Siamo ritornati a casa dalle vacanze. Questa mattina l’abbiamo ritrovata uguale a sempre, in una splendida giornata di sole e cielo limpido, come qui ce ne sono spesso. Una di quelle giornate che tu ed io abbiamo goduto insieme tante volte, momenti di cui entrambi apprezzavamo la serenità, la luce e il silenzio. Giornate che restano nel cuore e che hanno contribuito, per ciascuno di noi, a fare di questa casa la nostra casa.
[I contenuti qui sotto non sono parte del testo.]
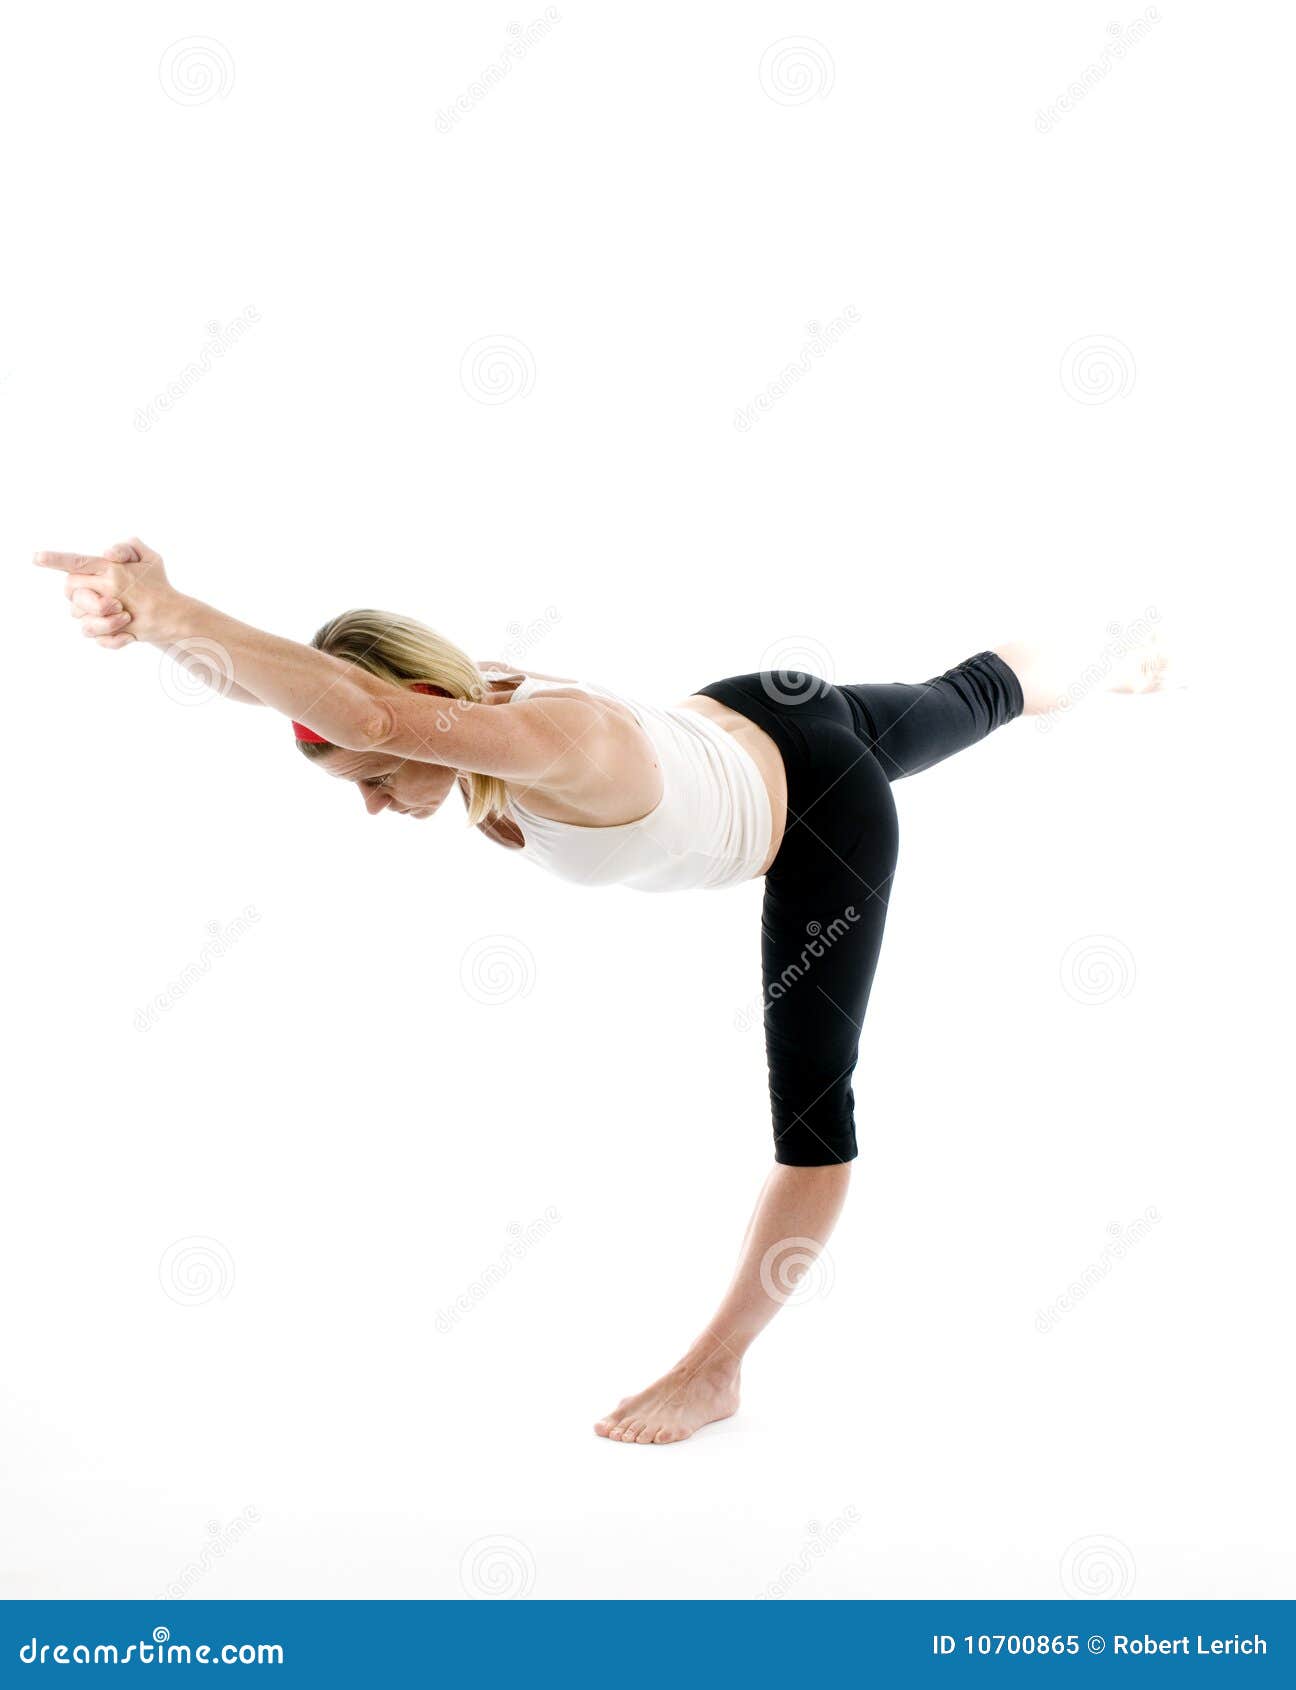 Balancing stick yoga pose stock image. Image of balancing - 10700865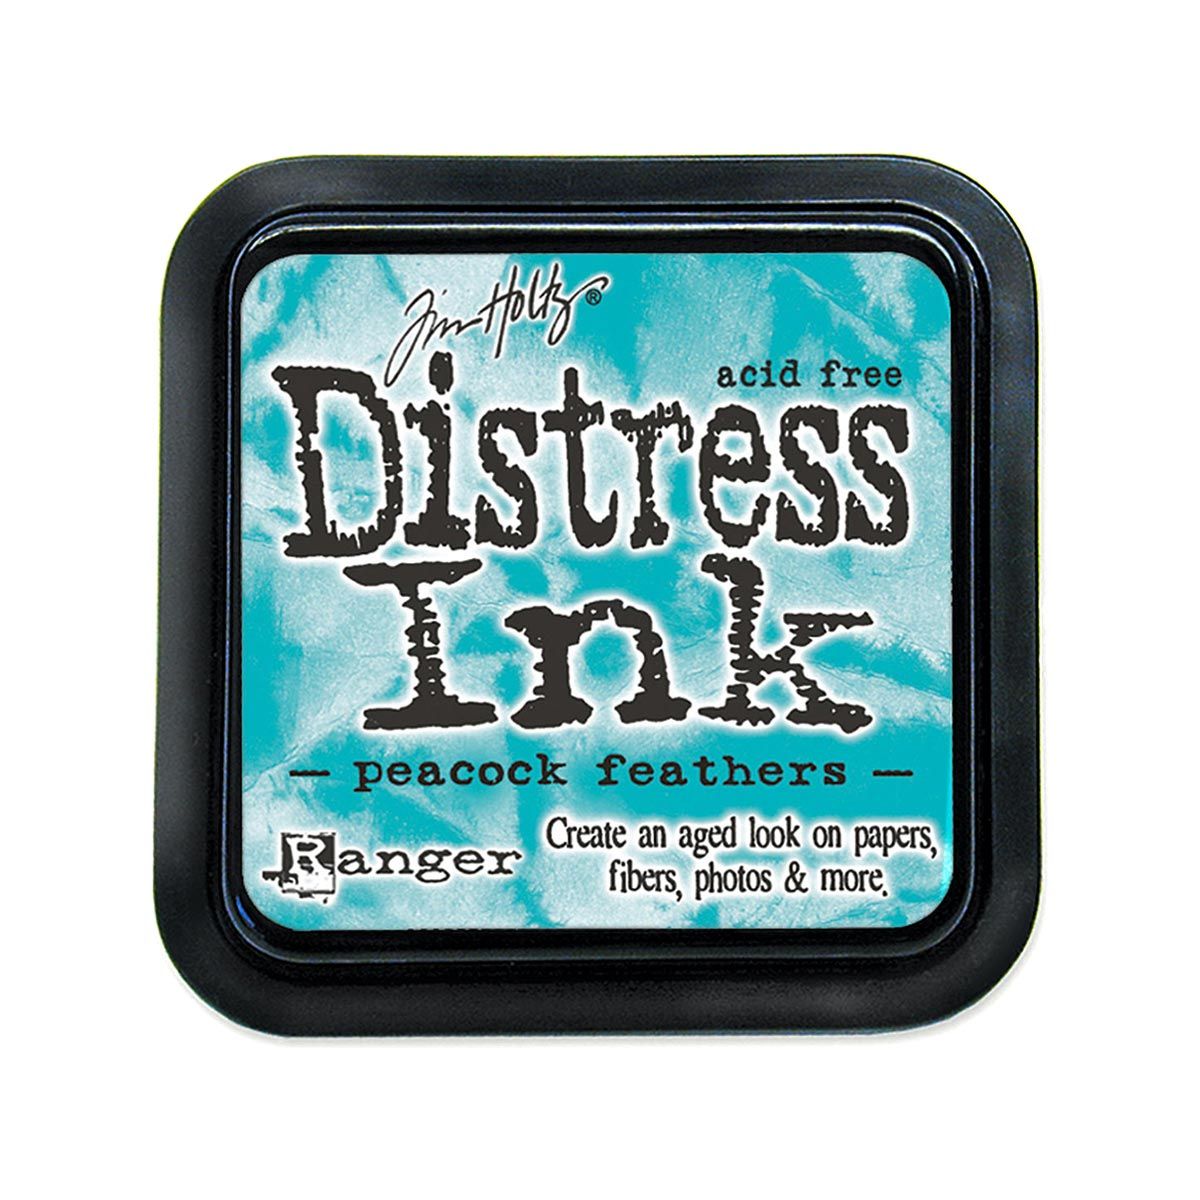 Tim Holtz Mini Distress Ink Pad Peacock Feathers 1x1 inch

Data la situazione (macchina da scaricare, bagagli da disfare…), sono andato su e giù per le scale moltissime volte. E anche oggi mi è successa una cosa già capitata in passato, molte volte da quando non sei più con noi. Si tratta dell’andito in cima alle scale: quando passo di lì, sento spesso un profumo nell’aria, un profumo indubbiamente femminile. Un profumo che non so riconoscere esattamente – tu sai che ho sempre avuto un naso abbastanza fine, e che riesco a percepire odori anche molto lievi, ma sai anche che non ho molta memoria olfattiva, e quindi non so identificare con esattezza le essenze complesse dei profumi personali. Ad ogni modo, sono convinto che quel profumo fosse uno di quelli che usavi tu. Era forse il tuo magnifico “profumo d’estate”, come chiamavamo il tuo preferito? Sì, certo, potrei provare a verificare e confrontare, ma già tempo fa avevo provato ad aprire la boccetta di quel tuo profumo, e non mi era parso di riconoscerlo per nulla! Addosso a te era diverso, prendeva una fragranza particolare…
Insomma, non ho riconosciuto con certezza il profumo che aleggia nell’aria là in cima alle scale, ma questo in fondo non ha veramente importanza. Quello che mi colpisce è che non riesco a capire da dove arrivi. Ho ovviamente provato molte volte ad annusare da vicino i fiori finti, i centrini sulla credenza, perfino le cornici dei quadri, per capire se venisse da quelli. Ma niente. E poi, se all’inizio potevo pensare che fosse rimasto il tuo profumo appiccicato su qualche oggetto, adesso, dopo tanto tempo, questo sembra sempre meno probabile… Non riesco a capire da dove provenga! Eppure continuo a sentirlo spesso, quando passo da quel punto della casa.
È strano, tu sai che non sono affatto propenso a dare interpretazioni stravaganti ai fenomeni, eppure qui non riesco a trovarne di convincenti. Tra l’altro perché in quel punto, che non è legato a te in modo particolare, essendo un punto di passaggio come altri? Cosa è rimasto di te, in quell’angolo? Che cosa ci hai lasciato, bella?